ZeroCool2u · on Aug 3, 2020

Good to know! I work with a lot of highly classified information. Much to my teams frustration, the notion that any of which will be cloud hosted on GCP or AWS was laughable until somewhat recently. It will probably be years until we, and I imagine many institutions like ours, can take advantage of something like this. I appreciate the effort with the VPS / private cloud hosting option, but without an on-prem deployment option, this wouldn't even make it passed initial discussions.

gauravsc · on July 29, 2020

https://jacobbuckman.com/2020-01-17-a-sober-look-at-bayesian...

"But in practice, BNNs do generalize to test points, and do seem to output reasonable uncertainty estimates. (Although it’s worth noting that simpler approaches, like ensembles, consistently outperform BNNs.)"

Maxen2020 · on July 31, 2020

It looks awesome!

I see the snorkel logo on the website and they recently also launched snorkel flow for data annotation and model training. There isn't much detail on that, but I wonder is there any advantage humanloop has over that?

On the same track, prodigy also has a prodigy team version that is being ready for launch forever. So glad you guys are few steps ahead.

I am also building a labeling interface myself because I couldn't find the right product for my needs(I have tried tools like label studio, doccano, prodigy, dataturks and ml annotate). They just miss one thing or the other. I really wish there is one place that features like HTML support, hierarchical labels, active learning, batch labeling, project tracking, multi user management and most important the UI/UX are all well put together.

razcle · on Aug 6, 2020

Hi, sorry I missed this is earlier! We're in many ways complementary to weak labelling techniques (like Snorkel) and are actually working to include them in the tool. We think weak labelling is a great way to overcome cold starts and active learning then helps you improve rapidly.
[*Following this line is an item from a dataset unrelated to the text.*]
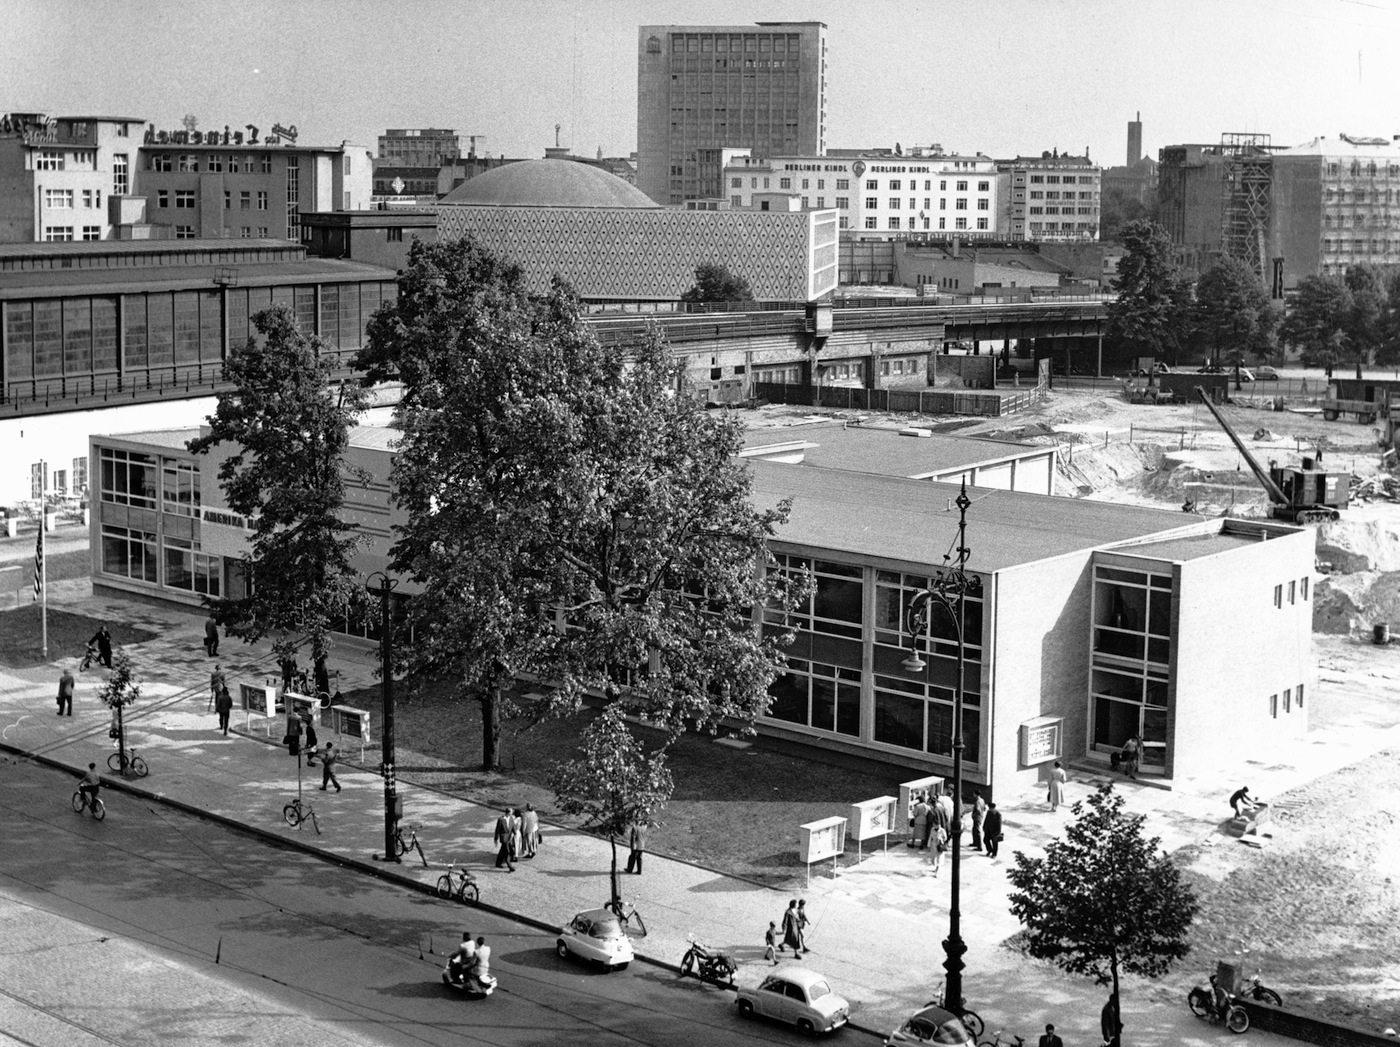 Amerika Haus. Ansicht von oben, 1957

The big difference between us and Snorkel is our emphasis on active learning and HITL deployment. We think the existing paradigm of ML deployment is very waterfall and slow.

Would love to hear about the annotation interface your building. Agree there should be one place with all those features! (We're hoping it will be Humanloop ;) ).

Rickasaurus · on July 29, 2020

Is this something we will be able to buy and run on our servers? I don't think we're the only ones wary of working hard to develop IP for a different company.

Also predictions/month pricing is just really challenging and incompatible with many downstream business models. The value has to be really huge to justify that.

razcle · on July 29, 2020

The model you train and data you upload are yours to own, unique to you and don't get shared across users or reused for any other tasks so hopefully you shouln't feel too much like your building our IP ;)

In terms of deployment options, we're trying to lead with cloud hosting by default but know that for a lot of people the whole reason they're annotating in house is privacy so we've been exploring deploying in your VPC and for larger enterprises on-prem.

Interested to hear more of your thoughts on the pricing model, this is something we're still iterating on so I'd be interested what you think would be most compatible with your use cases?

ianbutler · on July 29, 2020

Neat how do you compare yourself on the annotation capabilities with Datasaur.ai which launched in the last YC batch?

In terms of training the models for deployment -- do we own the artifact? Can I move that into my own model repository?

Also how do you feel this compares to using fine tuning on a publicly available BERT family model which is already fairly fast and easy not requiring a huge corpus, speaking from experience of recently having done so?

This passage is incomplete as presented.